The SessionExpired messages really indicate http or sip message loss and not
session loss. You are right Mahesh, if the session were lost then we would have
seen some more null messages in the logs.

Apart from the loss of remove replica messages, the SessionExpired messages
(i.e. traffic loss) are also related to the 503 responses and the timeouts on
BYE/200-OK.

The 481 responses though indicate session loss and so should be related to the
"unexpectedly null" messages in the logs.

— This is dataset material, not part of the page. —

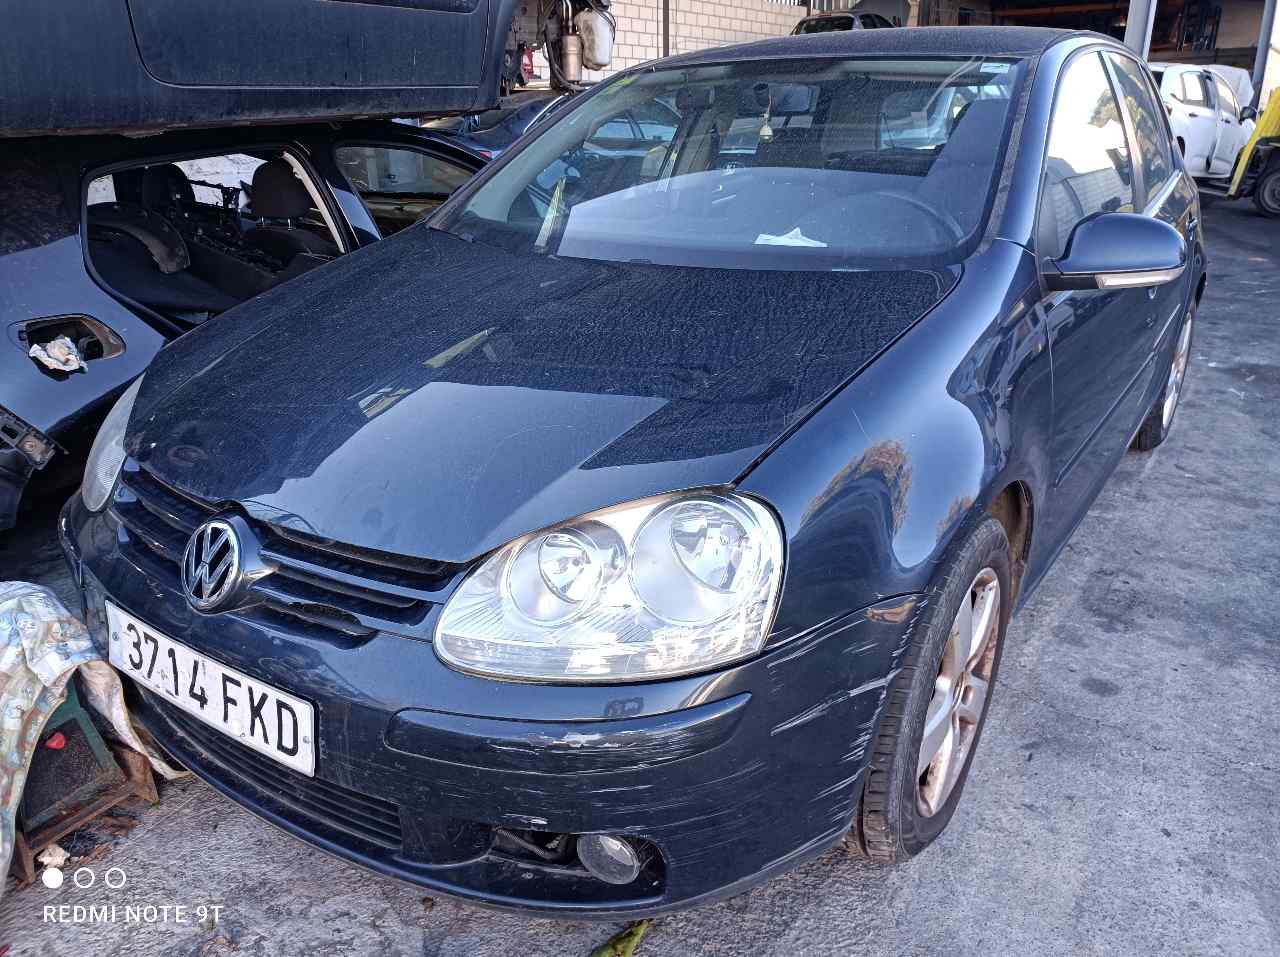 VOLKSWAGEN Golf 5 generation (2003-2009) Other Engine Compartment Parts 1K0199262AS 19025995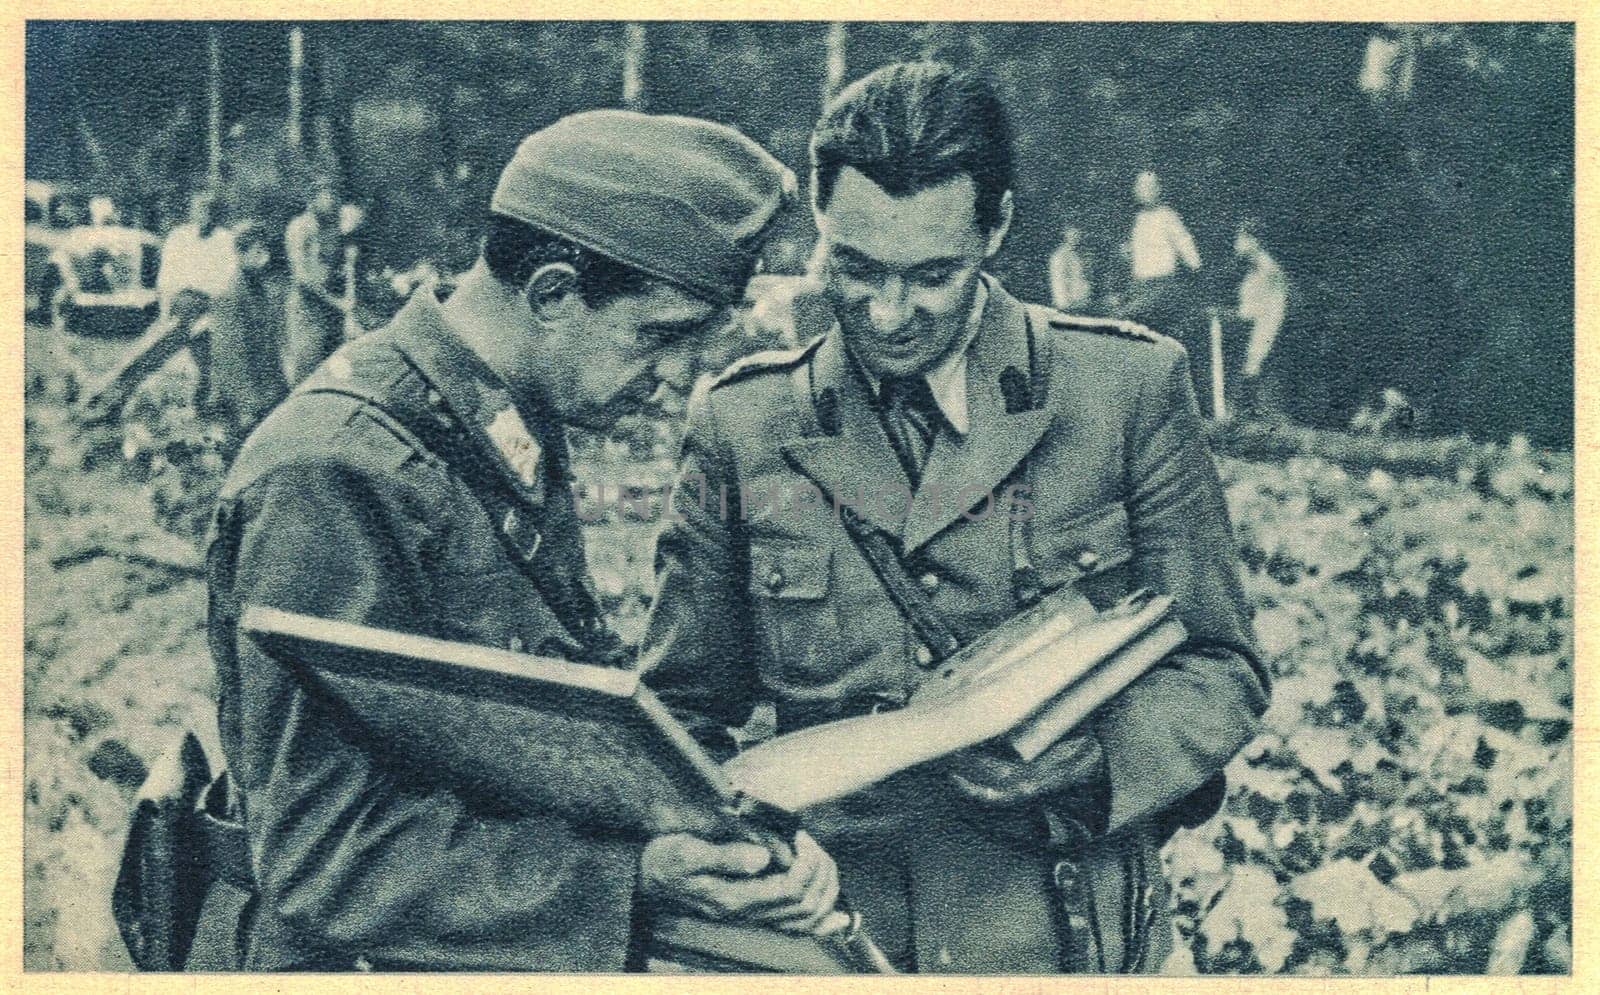 HUNGARY - 1941: Hungarian and Romanian officers have a conversation. World War 2. Axis - Tripartite Pact and states that adhered to the Tripartite Pact.

varunrupela added a comment - 09/Oct/09 04:12 AM

The last debug run with a default FLUSH_INTERVAL_FOR_REMOVAL_MILLIS setting
produce the following numbers:

  • SessionExpired messages - 4
      • This issue has been marked as a duplicate of 322 ***

varunrupela added a comment - 09/Oct/09 04:15 AM

Closed the issue by mistake ..... while updating it with info on the last run..

Here is update:
The last debug run with a default FLUSH_INTERVAL_FOR_REMOVAL_MILLIS setting
produce the following numbers:

  • SessionExpired messages - 4322
  • "unexpectedly null" - 62
  • "IllegalState" - 0
  • 503 Responses - 519
  • 481 Responses - 62
  • timeouts - 384

Mahesh Kannan added a comment - 11/Oct/09 01:39 PM

Looks like SASTimerMigrationTasks are not unregistered upon bulk removal.
Currently preparing a patch and will update the bug after I test it...


prasads added a comment - 13/Oct/09 03:34 AM

Temporarily marking these issues as P4, for the Sailfin 2.0 release. The
priority will be restored for the next release.